Unable to Sway You, Father

Pounding my fists
on your fat chest
the hollow rhythmic   thump
of my anger erupting from the empty
surprise of your mouth,

you, not even rocking
back on your work boot heels,
your very body a fortress
mocking my outburst

my sixteen year old anger
just a fourth daughter’s frustrations
neither my flailing poems
nor drumming knuckles
made any sense to you
who could not know my   outrage

with these siblings
narrow as the wooden slats
that half-blocked the hot air vents,
in that mountain house
you so carefully built,
a home we so recklessly split,
easily as kindling.

Questions and Answers

What inspired “Unable to Sway You, Father”?

“Unable to Sway You, Father” is an actual reporting of a day I lost my temper/self control, with a close verse on its significance. I was the teen pounding on my Father’s chest; he weighed double what I did. My father had stepped between myself and my 7 years younger, spoiled and only brother. The last verse—with decades of living later—came to me with the realization that stormy sibling arguments can tear a family apart.

What poetic techniques did you use in “Unable to Sway You, Father”?

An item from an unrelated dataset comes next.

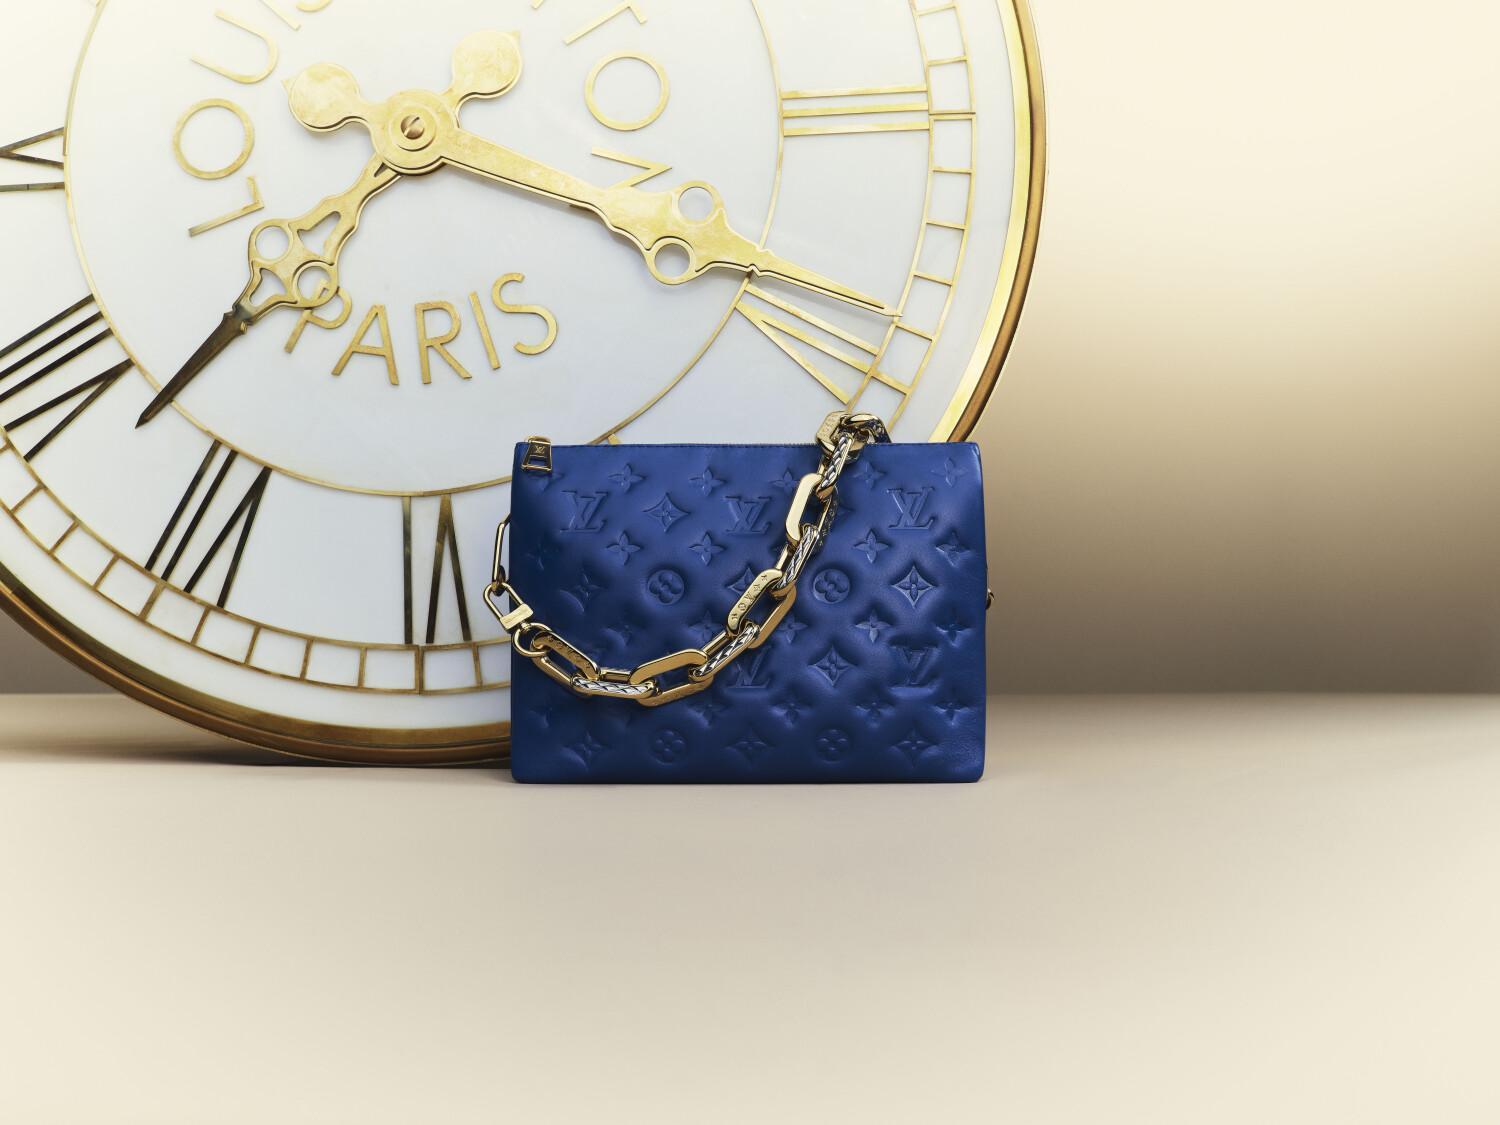 Louis Vuitton giới thiệu vũ trụ quà tặng đa sắc màu cho mùa lễ hội - Ảnh 5.

It is not easy to dissect one’s own poems. My best work comes when I imagine myself in a dramatic moment: fight, kiss, ‘A’ grade or dying dog. I try to hear the sounds, smell the scents, taste the food or the air, feel the textures, see everything: either a sharp focus or fuzzy as needed. I experience everything—a full sensory video—as well as let my disorganized memories spit up whatever phrases or words to which it immediately connects. I avoid literal logic. I certainly cannot plan my metaphors! Often, it is my first and last lines that need cutting, so I can happily find the heart of that poem, mainly the way it arrived in my notebook.